急いでいるときに、子どもがなかなか動かなかったり、動作が緩慢だと、イライラしてくるものですね。
そのためか、お母さんの口癖で多いが「早く早く」です。
「早く起きなさい」「早く着替えなさい」「早く食べなさい」と子どものすることを急がせます。
イライラしているときには、「あなたはいつもグズグズしてるのね」「ノロマのノロちゃんね」などと言ってしまうこともあるようです。
そんなお母さんから、
「ダメだと分かっているんですが、つい言ってしまうんです。どうしたらいいんでしょうか?」
と質問されることがあります。
私は答えはこうです。
「『早く早く』ではなく、『早いね、早いね』と言ってあげればいいですよ」
子どもの動作が大人より遅いのは当然です。
慣れない動作に時間がかかるのは当たり前のことです。
問題は、子どもにあるのではなく、お母さんが忙しくて気がせいてしまうことにあるのではないでしょうか。

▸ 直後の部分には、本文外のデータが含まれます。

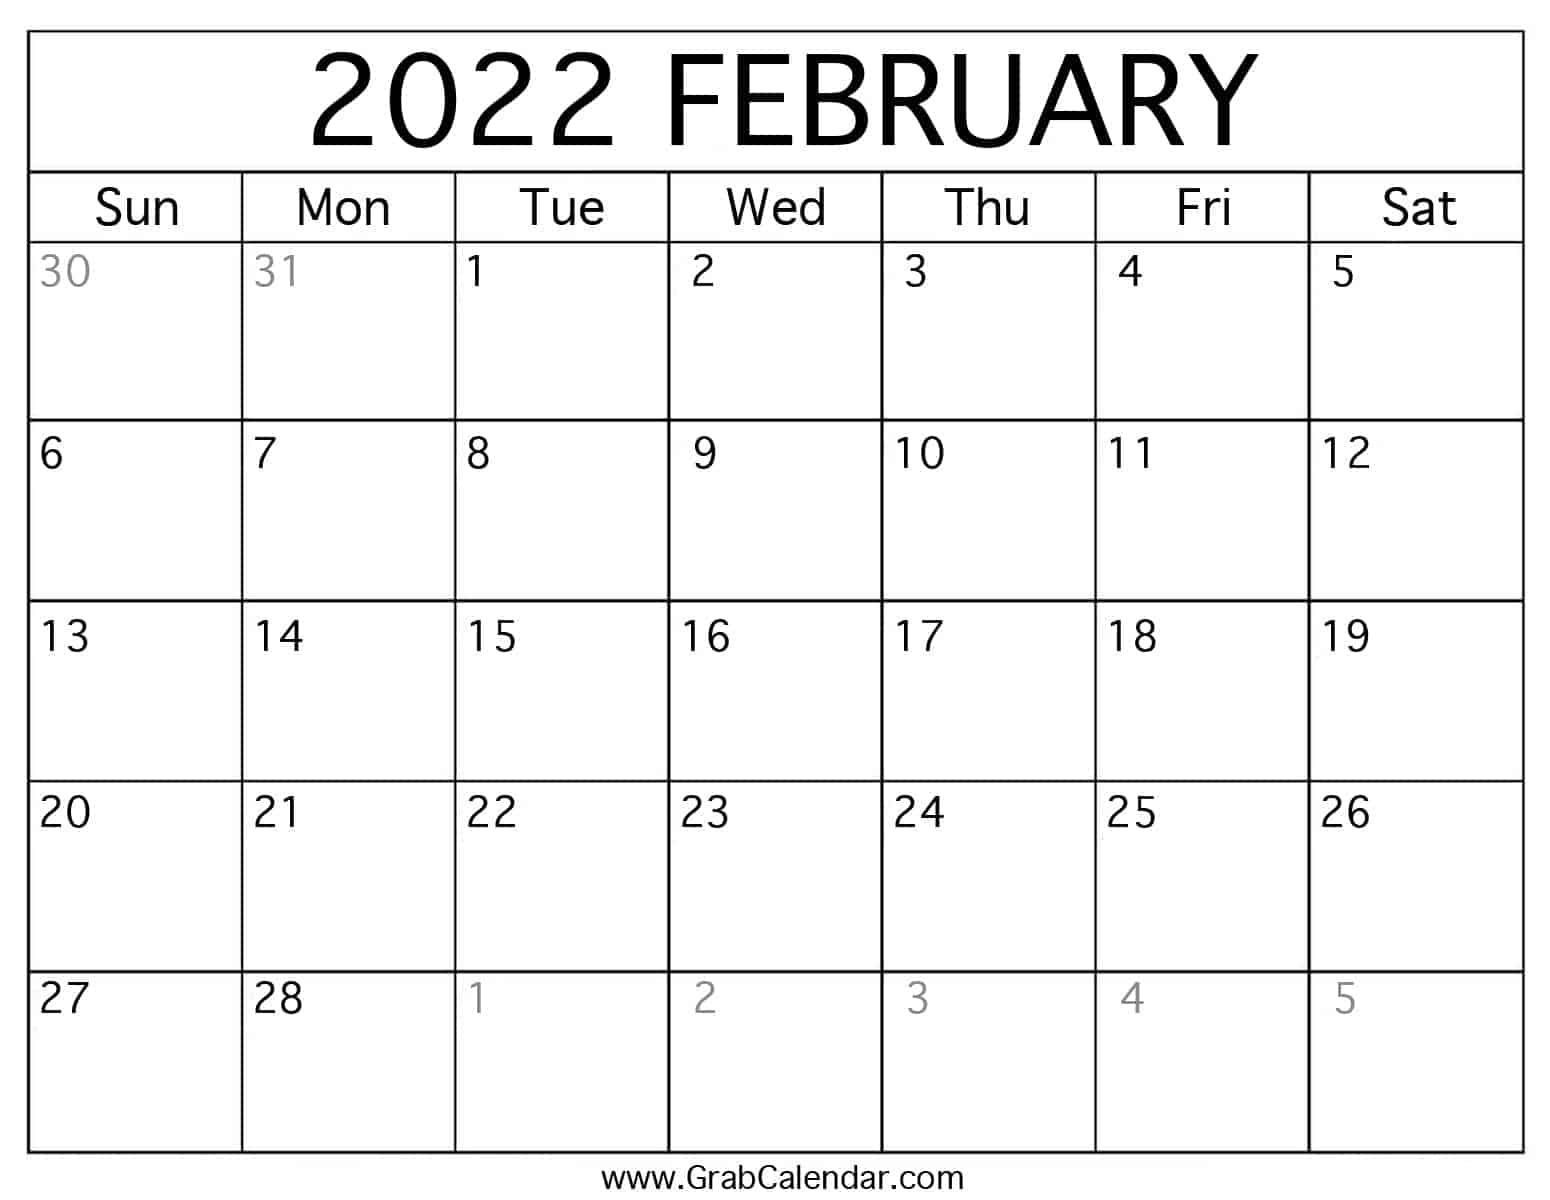 February 2022 Blank Calendar Printable February 2022 Calendar

イライラしたときに発するお母さんの言葉は、子どもの心にダメージを与えます。
「グズグズしたらダメよ」と言われれば、子どもは自分はグズだと思ってしまいます。
「早く早く!」とせかされたら、子どもは自分はノロマなんだと思ってしまいます。
そう思うことで、ますますグズでノロマになります。
人間は自分が思い描いている状態になるからです。
子どもの動きがにぶくてグズグズしているように思うとき、「早く早く」とせかすのは、
あまりよくないでしょう。
まずお母さんがゆったりした気持ちになることが大切です。
たとえば、子どもを待っている間、好きな歌でも歌うか、本でも読んで、気を紛らせてはどうでしょうか。
言葉をかけるのなら、今している動作をせかす命令言葉よりも、一つの動作に対するほめ言葉の方がよいでしょう。
たとえば、着替えのときに「あら、ボタンが一人でできたね。じょうずになったわね」と言ってやります。
食事のときは、「今日は少しもこぼさずに食べられているわね」と言ってやります。
子どもは、ほめられると、ほめられたことをまたしようとするです。
動作を早くさせたいなら、「早く早く」という言葉を使わない方が賢明です。
「早く早く」とせかして、その場では早くなるかもしれませんが、子どもが自ら動いたわけではありませんから、この次も変わっていません。
動作を早くさせたいのなら、「早いね、早いね」とほめてやったらよいでしょう。
「服を着るのが早いね」と言ってほめてやれば、本当に服を着るのが早くなります。
暗示にかけるという意味合いもありますが、子どもはほめられると自信がつきます。
ほめられたことをまたやりたがるようになります。
自分から進んでやるので、だんだん早くなるし、上手にできるようになるのです。
子どもの一つ一つの動作をほめよう。